- [YOUR INSTRUCTIONS]: In the records below, the line with "Lavazza 18000279 Idola" opens the range and the line with "Supermicro 900W Redundant" closes it; print that range exactly and nothing else.

- [SUPPLIED MATERIAL]:

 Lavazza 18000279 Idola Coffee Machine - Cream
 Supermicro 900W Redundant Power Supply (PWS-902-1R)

==

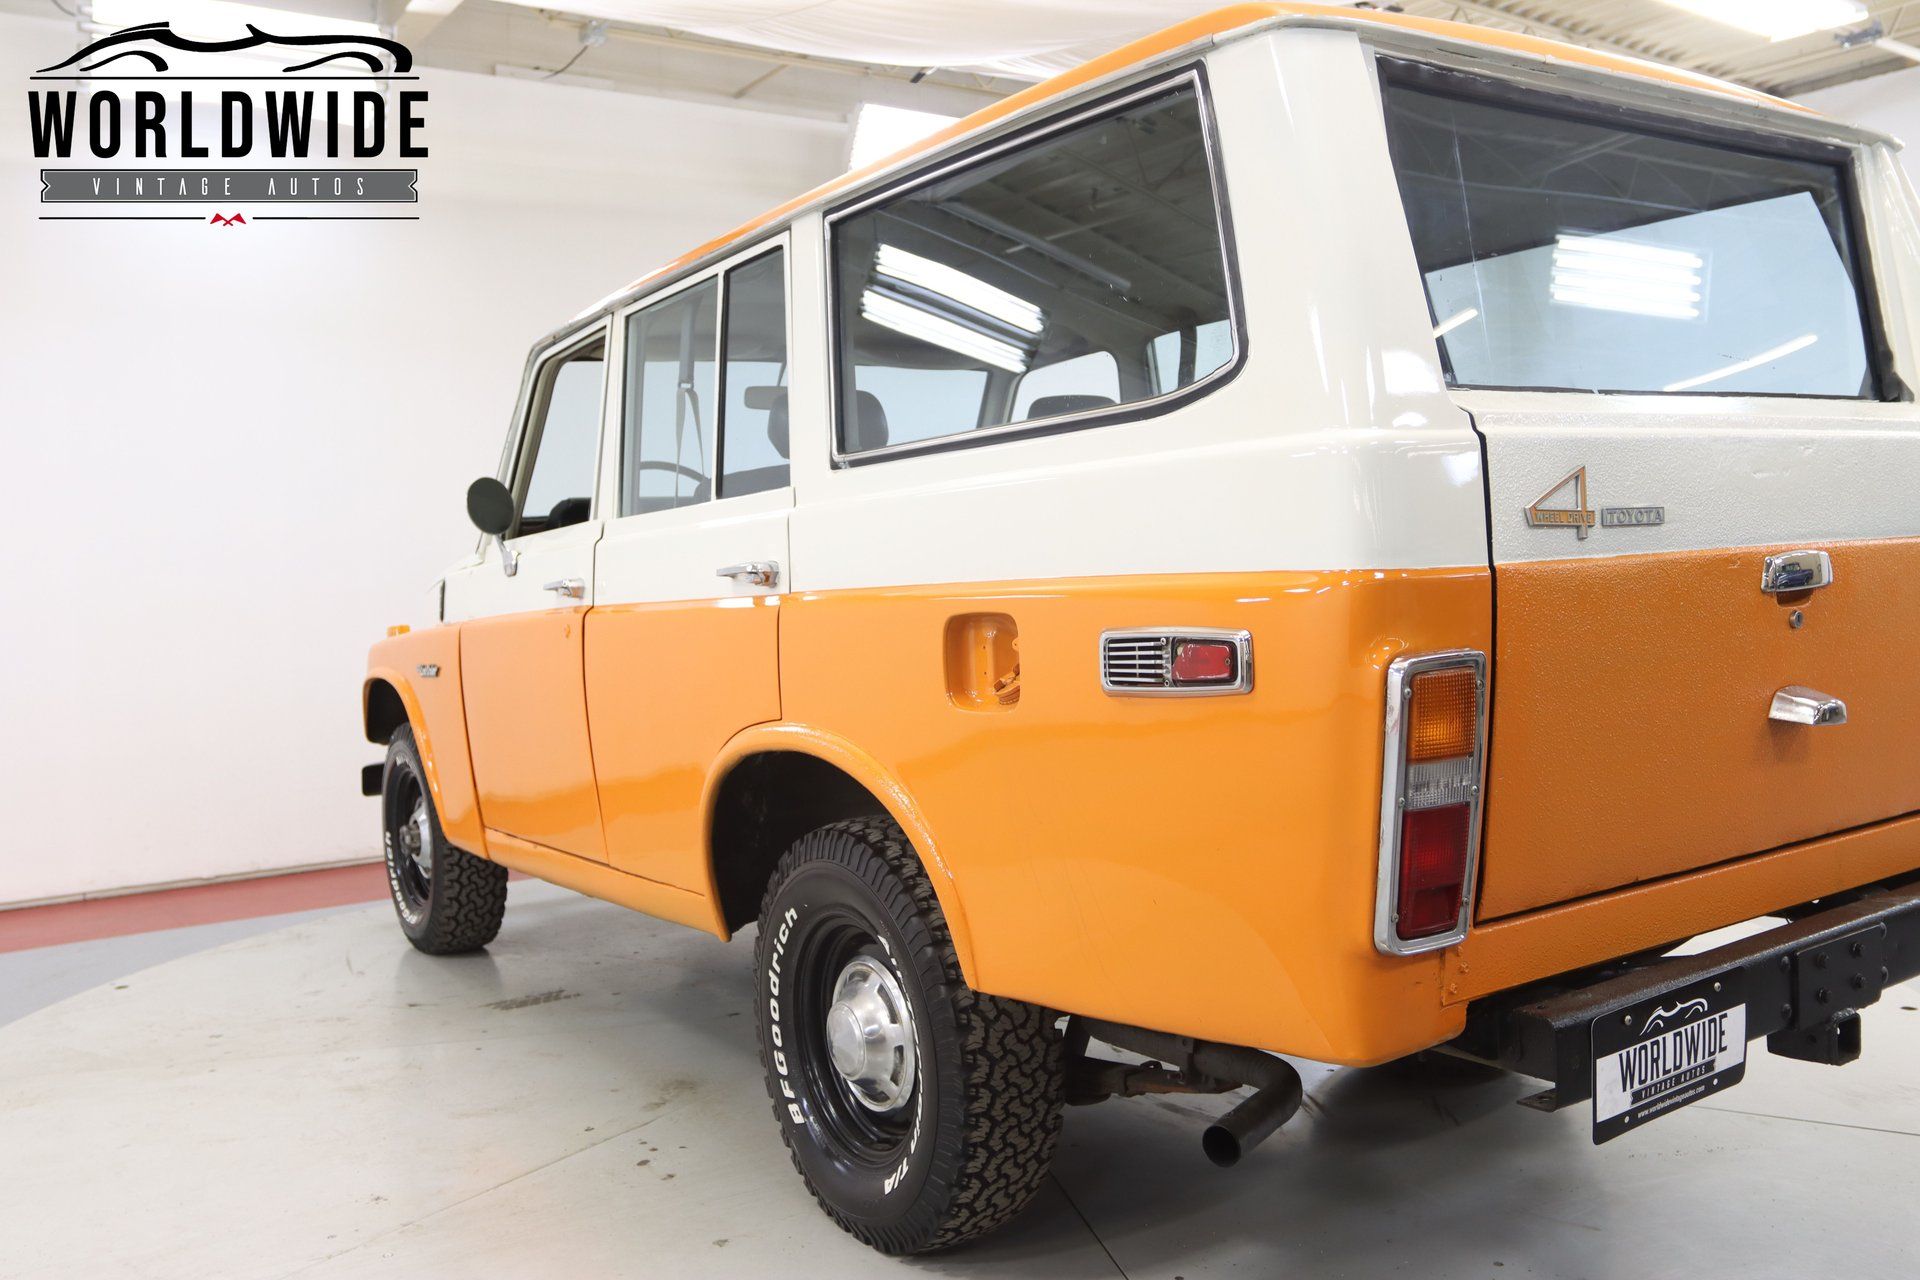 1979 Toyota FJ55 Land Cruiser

...

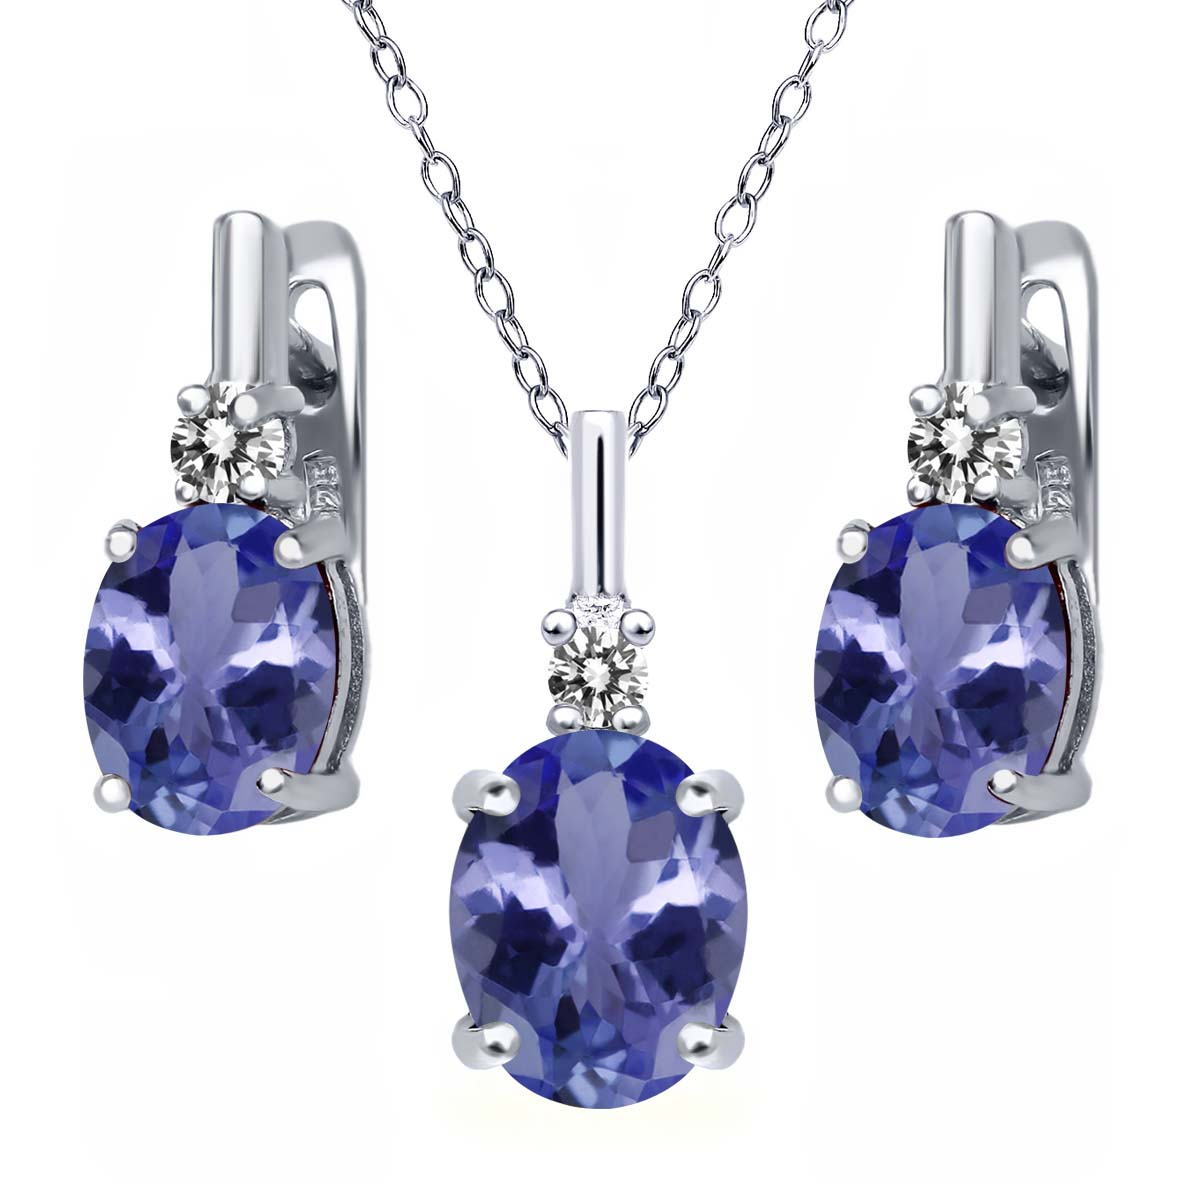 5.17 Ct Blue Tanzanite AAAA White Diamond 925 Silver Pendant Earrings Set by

- [TASK ANSWER]:
 Lavazza 18000279 Idola Coffee Machine - Cream
 Supermicro 900W Redundant Power Supply (PWS-902-1R)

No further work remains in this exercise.